■ The problem ■
Find the lines holding the string "Black" in the data, then copy all of them.

*** Opening of Material provided ***

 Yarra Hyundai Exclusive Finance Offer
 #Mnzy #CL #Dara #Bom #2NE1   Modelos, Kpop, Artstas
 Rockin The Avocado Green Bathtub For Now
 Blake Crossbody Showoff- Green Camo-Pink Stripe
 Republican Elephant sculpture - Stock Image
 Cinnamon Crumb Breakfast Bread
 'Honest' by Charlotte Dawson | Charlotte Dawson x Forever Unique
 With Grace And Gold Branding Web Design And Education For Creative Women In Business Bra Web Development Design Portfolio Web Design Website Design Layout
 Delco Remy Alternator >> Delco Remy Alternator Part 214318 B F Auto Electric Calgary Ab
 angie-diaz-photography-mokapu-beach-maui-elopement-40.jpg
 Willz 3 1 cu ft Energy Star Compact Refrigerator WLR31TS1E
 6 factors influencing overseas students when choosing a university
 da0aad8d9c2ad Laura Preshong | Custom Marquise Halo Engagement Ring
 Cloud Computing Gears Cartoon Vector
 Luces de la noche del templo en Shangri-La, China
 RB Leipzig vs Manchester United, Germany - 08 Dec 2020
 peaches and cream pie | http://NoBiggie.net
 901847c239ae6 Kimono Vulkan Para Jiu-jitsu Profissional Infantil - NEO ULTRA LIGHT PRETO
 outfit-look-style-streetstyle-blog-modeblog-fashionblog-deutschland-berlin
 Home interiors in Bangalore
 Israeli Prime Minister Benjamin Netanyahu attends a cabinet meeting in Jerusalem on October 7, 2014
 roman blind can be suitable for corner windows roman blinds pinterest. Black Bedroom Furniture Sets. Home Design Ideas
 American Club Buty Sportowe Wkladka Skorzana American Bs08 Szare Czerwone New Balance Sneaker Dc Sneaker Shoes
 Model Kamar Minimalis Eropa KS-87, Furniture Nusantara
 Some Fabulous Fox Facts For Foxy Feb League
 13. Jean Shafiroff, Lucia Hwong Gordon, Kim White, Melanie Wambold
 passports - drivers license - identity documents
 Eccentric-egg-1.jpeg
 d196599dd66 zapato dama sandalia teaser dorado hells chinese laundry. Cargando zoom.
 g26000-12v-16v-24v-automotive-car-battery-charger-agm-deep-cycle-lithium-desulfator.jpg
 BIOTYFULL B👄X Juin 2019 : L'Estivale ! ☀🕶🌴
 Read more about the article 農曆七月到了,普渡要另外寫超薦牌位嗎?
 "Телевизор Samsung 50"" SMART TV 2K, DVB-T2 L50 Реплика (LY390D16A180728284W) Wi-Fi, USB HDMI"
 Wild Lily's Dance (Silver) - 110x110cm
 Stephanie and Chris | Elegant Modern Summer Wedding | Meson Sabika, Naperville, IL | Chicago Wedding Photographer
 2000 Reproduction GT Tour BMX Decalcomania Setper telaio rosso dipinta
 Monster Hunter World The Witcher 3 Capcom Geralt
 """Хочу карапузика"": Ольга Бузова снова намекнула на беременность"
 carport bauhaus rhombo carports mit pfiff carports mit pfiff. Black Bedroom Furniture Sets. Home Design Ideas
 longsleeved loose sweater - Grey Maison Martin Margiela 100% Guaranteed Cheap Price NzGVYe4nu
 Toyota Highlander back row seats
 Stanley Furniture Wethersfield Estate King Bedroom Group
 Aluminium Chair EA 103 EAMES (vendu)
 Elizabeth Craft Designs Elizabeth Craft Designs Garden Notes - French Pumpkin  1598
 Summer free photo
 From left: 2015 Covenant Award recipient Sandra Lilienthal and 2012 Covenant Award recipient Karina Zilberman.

*** Close of Material provided ***

■ Written response ■
 roman blind can be suitable for corner windows roman blinds pinterest. Black Bedroom Furniture Sets. Home Design Ideas
 carport bauhaus rhombo carports mit pfiff carports mit pfiff. Black Bedroom Furniture Sets. Home Design Ideas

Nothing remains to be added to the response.